После того как в 277 г. в Гундишапурс, резиденции персидского шаха, принял
мученический венец мыслитель и писатель Мани, объявивший себя наследником
Христа и Параклетом, замученный мобедами, зороастрийским духовенством, его
последователи вынуждены были бежать из Персии, но на западе манихейство
подвергалось постоянному гонению и ушло в подполье [є42]. На востоке
манихеи нашли приют в Трансоксании [*40] и в оазисах вдоль великого
караванного пути [є43].
В 431 г. на вселенском соборе в Ефесе был предан анафеме
константинопольский патриарх Несторий, неосторожно заявивший, что "у Бога
нет матери". Его победители немедленно вступили в борьбу между собою, но
как монофизиты, так и православные халкедониты были единодушно нетерпимы к
несторианству. Особенно обострилась вражда после 484 г., когда на соборе в
Бит-Запате несторианство было признано господствующим исповеданием
персидских христиан, в том числе и прихожан Мервской митрополии [*41].
Поддержка персидского шаха для византийских несториан оказалась роковой. В
489 г. император Зенон подтвердил осуждение несториан и закрыл эдесскую
школу, где несториане преподавали свое учение. Школа переехала в Персию, в
Низиб [*42], а в 499 г. в Ктезифоне возникла несторианская патриархия,
расцветшая в VI в. [є44].
Из Персии несториане широко распространились по Восточной Азии. В VI в.
христиане проповедовали свою веру среди кочевых тюрок не без успеха. Тюрки,
захваченные в плен византийцами в битве при Балярате в 591 г.. имели на
лбах татуировку в виде креста и объяснили, что это сделано по совету
христиан, живших в их среде, чтобы избежать моровой язвы [є45]. Этот факт
отнюдь не говорит о распространении христианства среди кочевых тюрок VI в..
но позволяет констатировать нахождение христиан в степи.
В 635 г. несторианство проникло в Китай и было встречено правительством
весьма благожелательно [є46]. Первые императоры династии Тан, Тай-цзун и
Гао-цзун, покровительствовали христианам и позволяли им строить церкви. Во
время узурпации престола императрицей У Цзэ-тянь, связанной с буддистами,
на христиан началось гонение, но узурпаторша была быстро лишена власти
сторонниками династии Тан. В 714 г. в империи Тан император Сюань-цзун
указом запретил буддизм, а в 745 г. разрешил проповедь христианства [є47].
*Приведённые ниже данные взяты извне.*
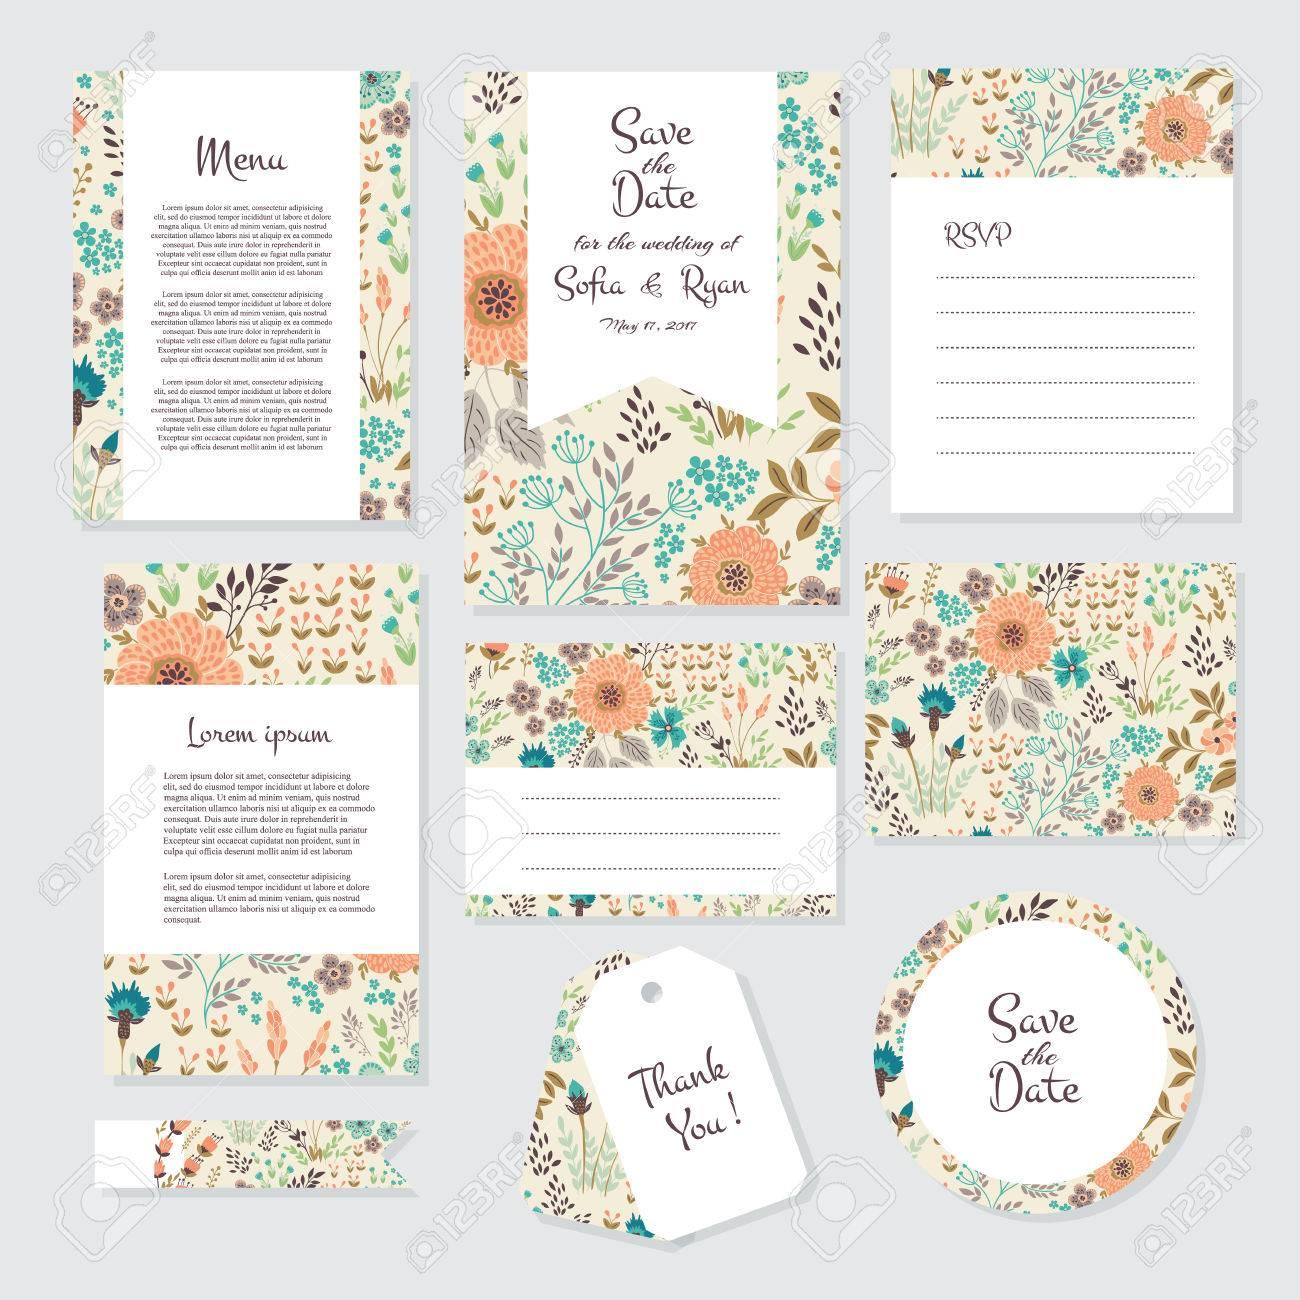 Vector Gentle Wedding Cards Template With Flower Design. Wedding ...

С этого времени несторианство начало распространяться в Джунгарии,
находившейся под контролем империи Тан, и обретать неофитов среди
кочевников, главным образом басмалов, но довольно долго его успехи были
незначительны.
Распространяющееся несторианство встречало сопротивление не со стороны
местных религий, пришедших в упадок после падения Тюркского каганата, а от
подобных ему прозелитических религий: буддизма, ислама, манихейства и бона.
Первые две религии долгое время не находили последователей в степи.
Тонь-юкук воспрепятствовал пропаганде буддизма на том основании, что
"Учение Будды делает людей слабыми и человеколюбивыми" [є48], а тюргешский
хан Суду ответил послу халифа Хишама (724-743) так: "Среди моих воинов нет
ни цирюльников, ни кузнецов, ни портных; если они сделаются мусульманами и
будут следовать предписаниям ислама, то откуда же они добудут себе средства
к жизни" [є49]. Ислам представлялся кочевникам исключительно городской
религией, и они относились к нему так же, как и бедуины Аравии век назад.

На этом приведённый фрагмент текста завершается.